A coffin then is both numerically symbolic of the number six, but as it is a skewed hexagon, the meaning behind six becomes slightly skewed. While still numerically the most ordered number, the coffin is symbolic of death and decomposition and contrasts with sixes connected nature. The coffin then is close to Faulkner’s own use of six. He employs the values of six to create a tightly knit experience that is actually an experience of decomposition (both of the family, and literally of the body of Addie).

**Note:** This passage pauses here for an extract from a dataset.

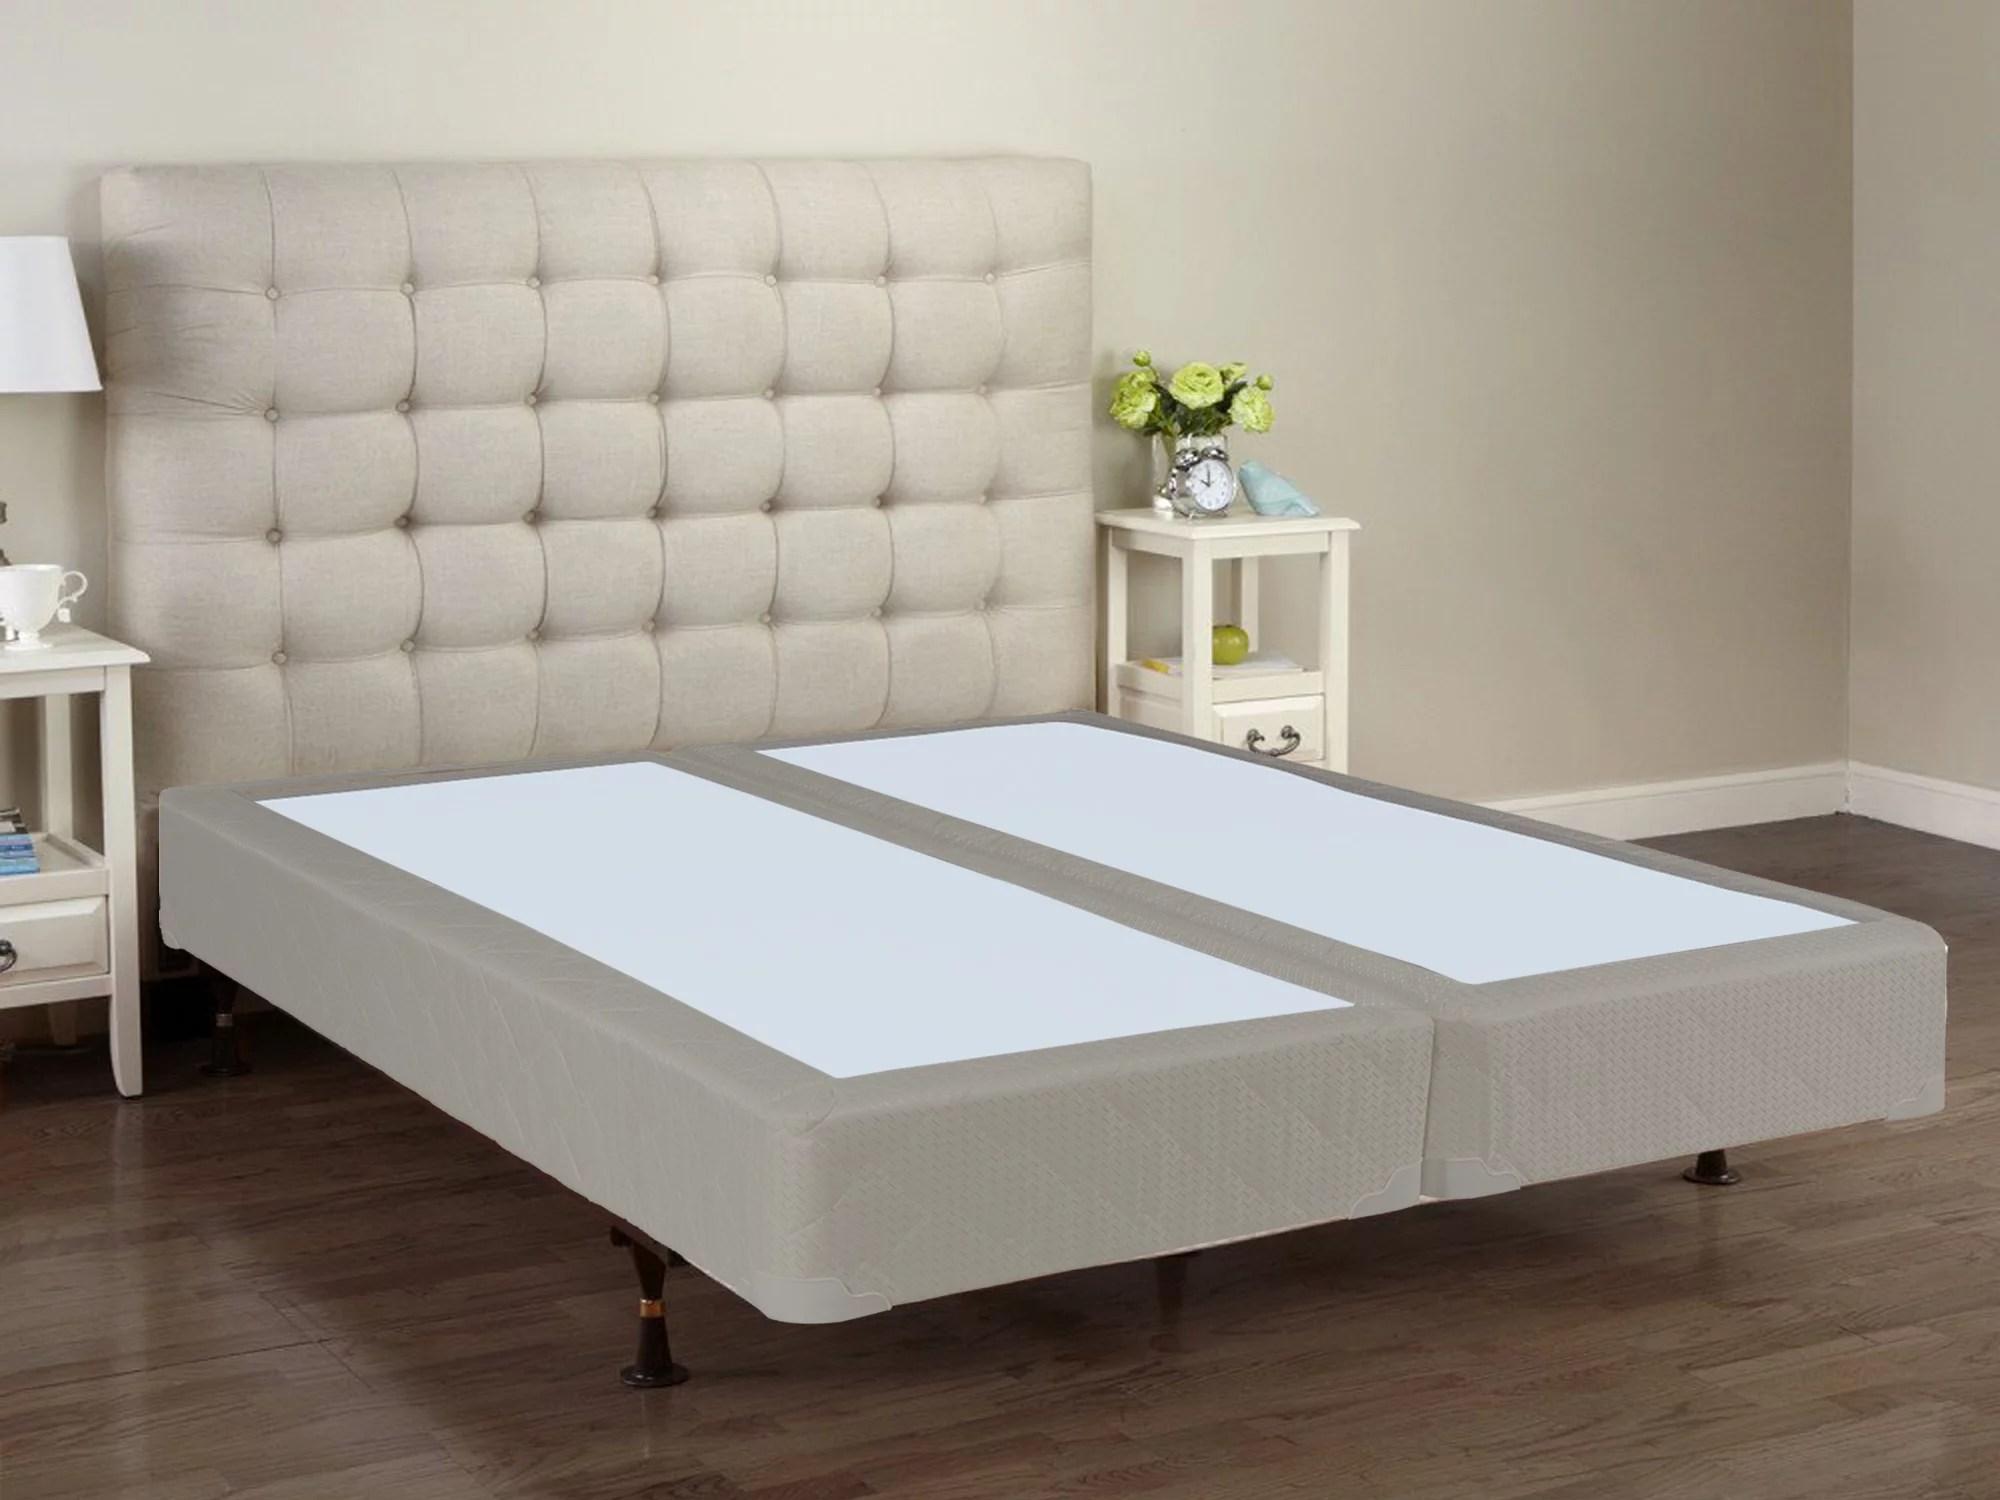 wayton 8 assembled split wood box spring foundation for mattress full size walmart com

When talking about Faulkner’s efficient use of language the number six springs to mind immediately. With its extreme efficiency and ability to have many parts working together as a seamless whole, six is able to represent Faulkner’s use of multithreaded narratives that intertwine to form one cohesive novel. Six is a structurally flexible number just as the narrative is extremely flexible. Faulkner can pick and choose who relates each experience and in doing so adds layers of information to the plot. Sections where Faulkner wants to create a detached feeling are told either by townsfolk or the catatonic Cash, but he has the ability to use highly emotional characters such as Jewel to emphasize a point.
Six is a precise number and Faulkner’s style is equally precise. His characters are meticulously shaped from their actions, to their words, down to their basic thought processes. From a connectivity level, six is seen as the magic number that connects all humans to one another in just as many steps. Although the townsfolk are usually only one degree away from the Bundrens, it is interesting to see how Faulkner brings his other stories into play in As I Lay Dying. Specifically, Tull mentions a neighbor who may have the provisions that Anse needs. That person is Flem Snopes who is the protagonist in a trilogy that Faulkner later released. He managed to not only create Snopes in passing, but transform him from a passing remark into an entire trilogy. Like a hexagon within a circle, Faulkner creates complicated yet purposeful connections within a space that is highly efficient at filling that space.
No other number represents so strict a discipline as the number six which is in turn exactly how Faulkner constructs his novel. There are no vagaries, or rather there are no meaningless loose ends, in As I Lay Dying, there are snug tight relations. The irony of the meticulous nature of the novel is the apparent downward spiral towards chaos that the entire family is bent on. It is as though Faulkner realized that a loosely created story that begets a loosely tied family that falls apart is apropos and boring, but degeneration within a solid foundation is beautiful enough to grasp the reader.